Exercise aim: Everything below from the line with "Curious minds want" through the line with "#wordpress #wordpressplugins #directorywebsite" must be retyped exactly, except the pictures.

(Data to examine begins)

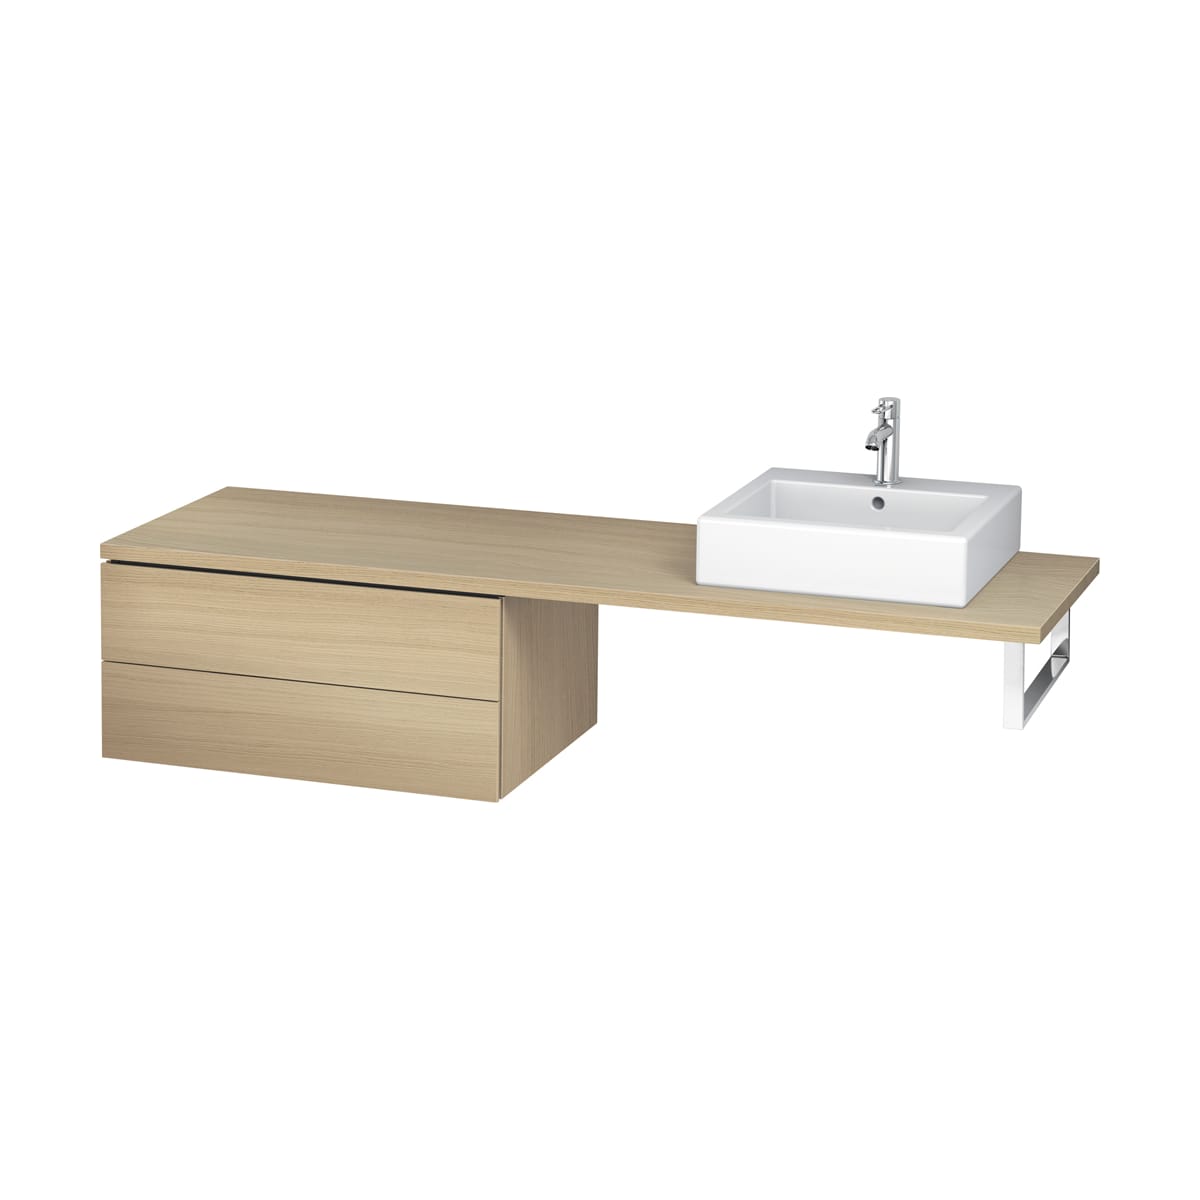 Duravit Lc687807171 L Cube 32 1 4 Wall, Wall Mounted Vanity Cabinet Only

(Data to examine ends)
(Data to examine begins)

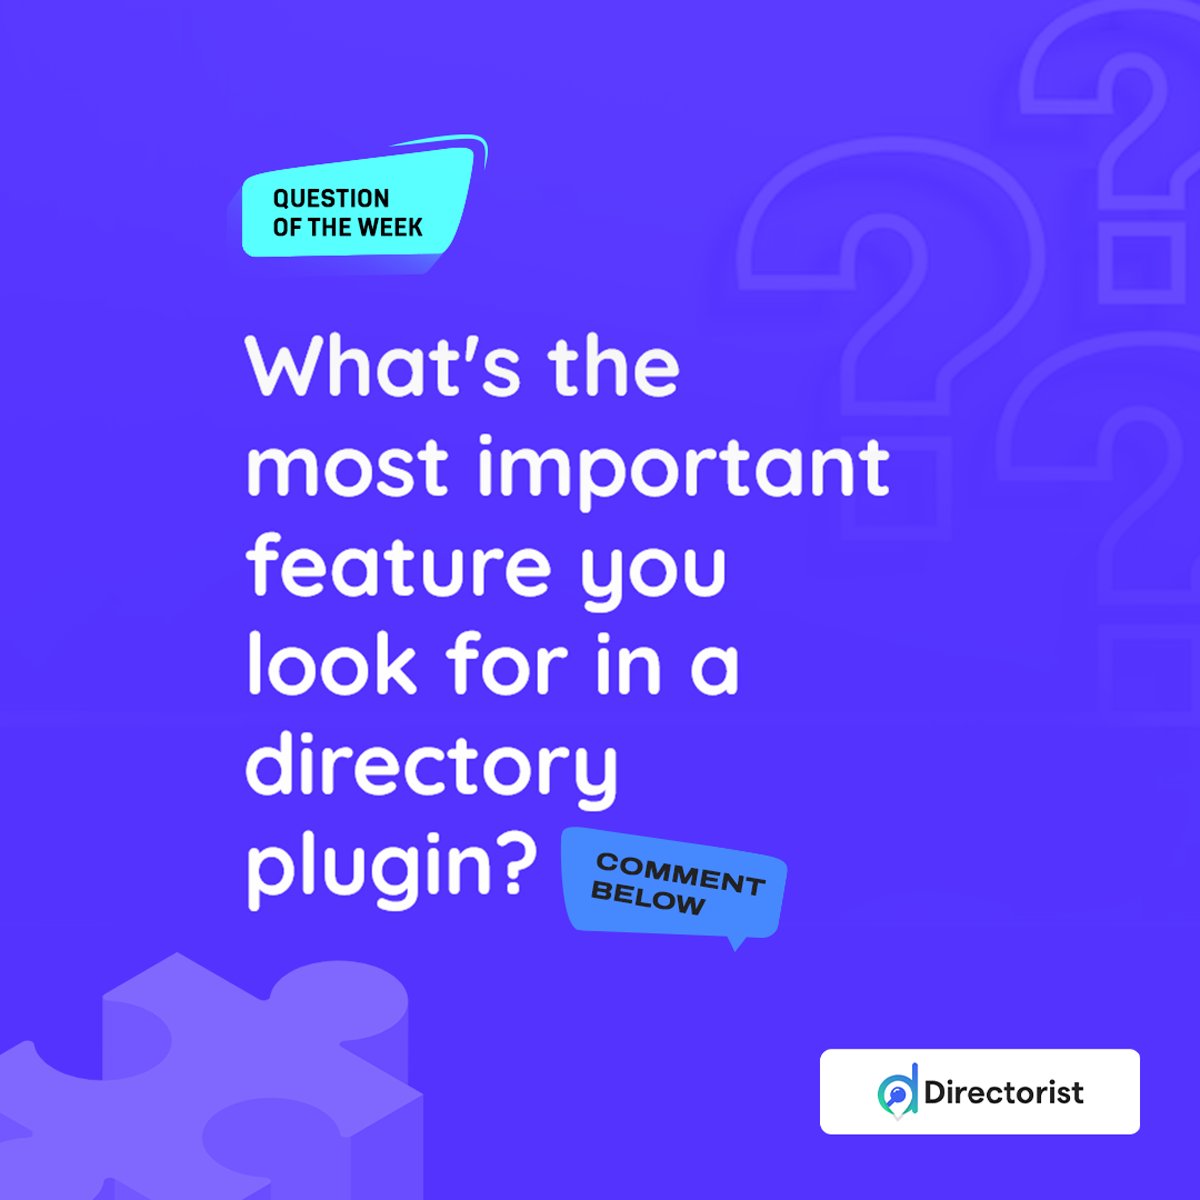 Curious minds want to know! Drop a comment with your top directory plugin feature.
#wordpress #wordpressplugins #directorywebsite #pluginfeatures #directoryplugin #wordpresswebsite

(Data to examine ends)

Response area:
 Curious minds want to know! Drop a comment with your top directory plugin feature.
#wordpress #wordpressplugins #directorywebsite #pluginfeatures #directoryplugin #wordpresswebsite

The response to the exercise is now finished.